Проклятье! Отыграть, и больше ничего не слушать — изъять из уха — воспринимать учителя пример.
Глава 3
С усталостью и болью — в сотый скорый, далёкий путь — прочь из Москвы! На расстоянье, для оглядки. Главную роль в цивилизации сыграла личность, создавшая колёса поездам. И роликоподшипники. Всему, что кружится. И розовое масло. Чтоб всё благоухало. И семофор — дистанциям пути — во имя вечного стремленья на зеленый свет. Вот — ароматный чай пути, чтобы задумчивостью стихнуть. Московские старушки утверждали, что в поезда нужно нарядно одеваться — там можно встретиться с своей судьбой. И ничего не есть, не пить, лишь ожиданьем упиваться. Они-то сами редко выезжали. Столица — кочка бытия, привыкли, что всё, рожденное в отменных экземплярах, стремится рано или поздно к ним!
А за Москвой уже лужки позеленели, и мать-и-мачеха цвела, на станциях ветра кружили теплым смерчем не лист сухой, а голубиное перо. Апрельское тепло. Движением на юг всё делалось отрадней и не беда, что пассажирка не нарядна и определена её судьба!
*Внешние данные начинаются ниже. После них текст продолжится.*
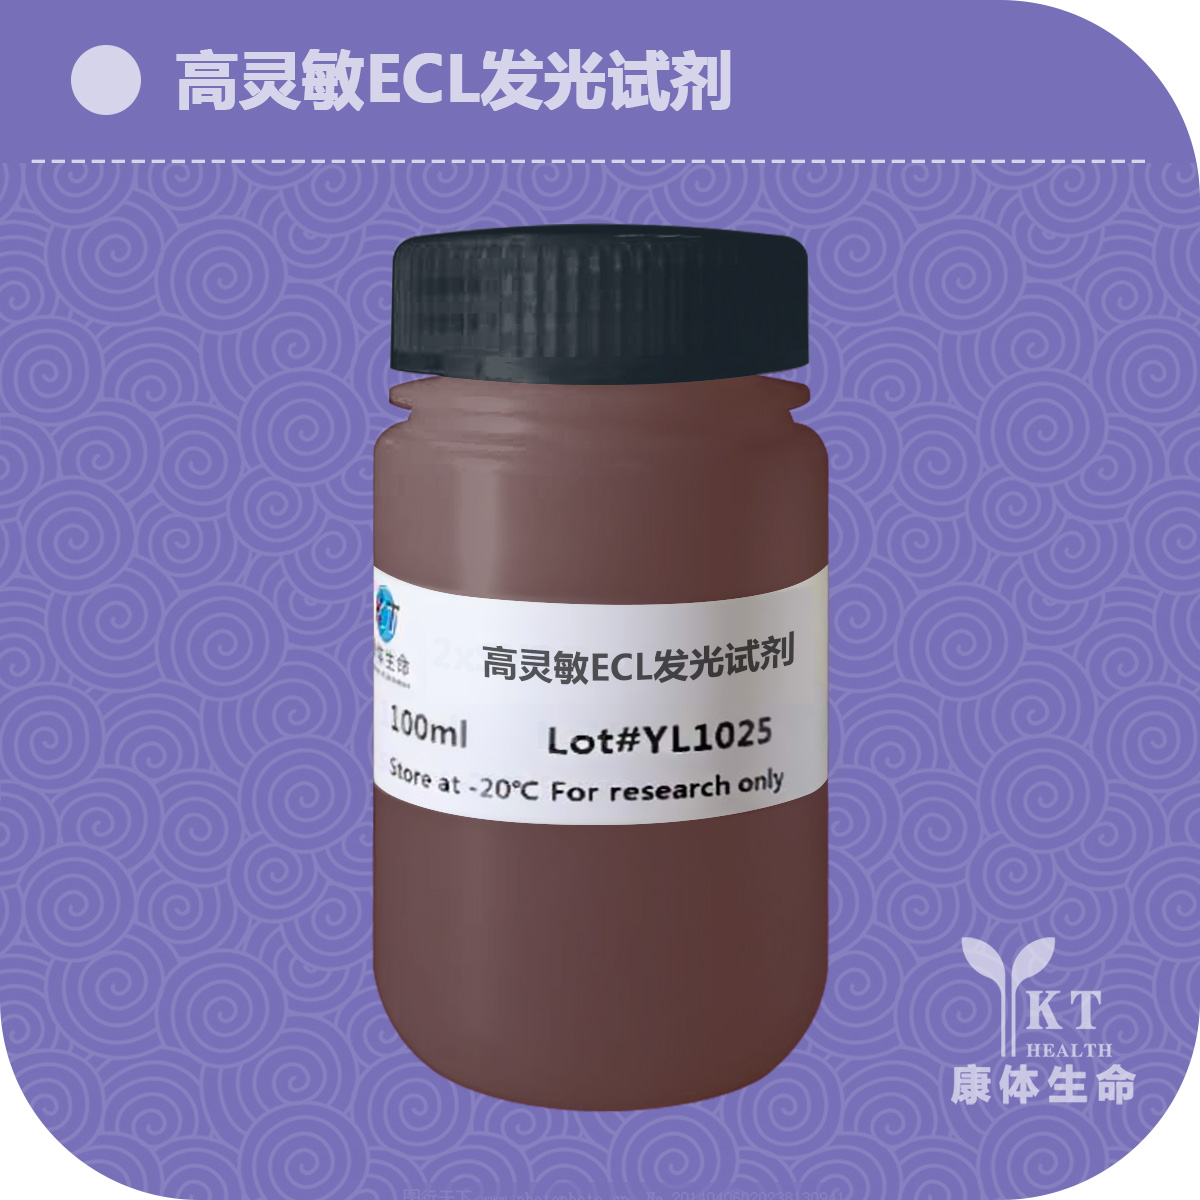 超敏ECL化学发光试剂盒 免疫印迹 Western-blot抗体 WB免疫蛋白印迹 高灵敏ECL发光试剂 Western Chemiluminescent HRP Substrate

За частоколом по ночам, в частнопоместных Берендеях, любой окрестный звук имел своё значенье. Из внешнего звучанья техногена сады и старожилы Берендеев воспринимали только три: пропеллер, паровозные гудки, и, чуть отличный тоном, но точно по часам — гудок завода. Любое несогласное звучанье воспринималось интершумом, и на него срывались кобели и трепетали все болотные осины. Дерзкий поход по улицам неасфальтированных околотков с ночного поезда был стратегическим искусством. Здесь немцы не прошли: дорогу славы — партизанам. Но мы ж потомки! Уцелеть и незамеченным остаться — как отыграть в «Живых и мёртвых» лихую Варю из разведки! Чему нас классики советские учили? И что природа нам дала? Генетика — воспринимай и здравствуй!
Мяхвётевич был уличком и, по ночам не спал спокойно. Воспоминанья о Днепровской переправе, которая вмещала бассейн огромных рукавов и всех притоков, тревожат сон фронтовиков. Его дворовый пес-полуболонка был самым рассудительным среди дворняг.
Других излишеств здесь не признавали. Впрочем, в заказнике водились волки. Но не сторожевых мастей. Бессонными ночами Мяхвёттевич читал «Нюрнбергский эпилог», потом, для развлеченья, «Застольные беседы Гитлера», и, откачнув десяток раз тракторный вал в качестве штанги, потея, усыпал с отрадным убежденьем: «Миру — мир!»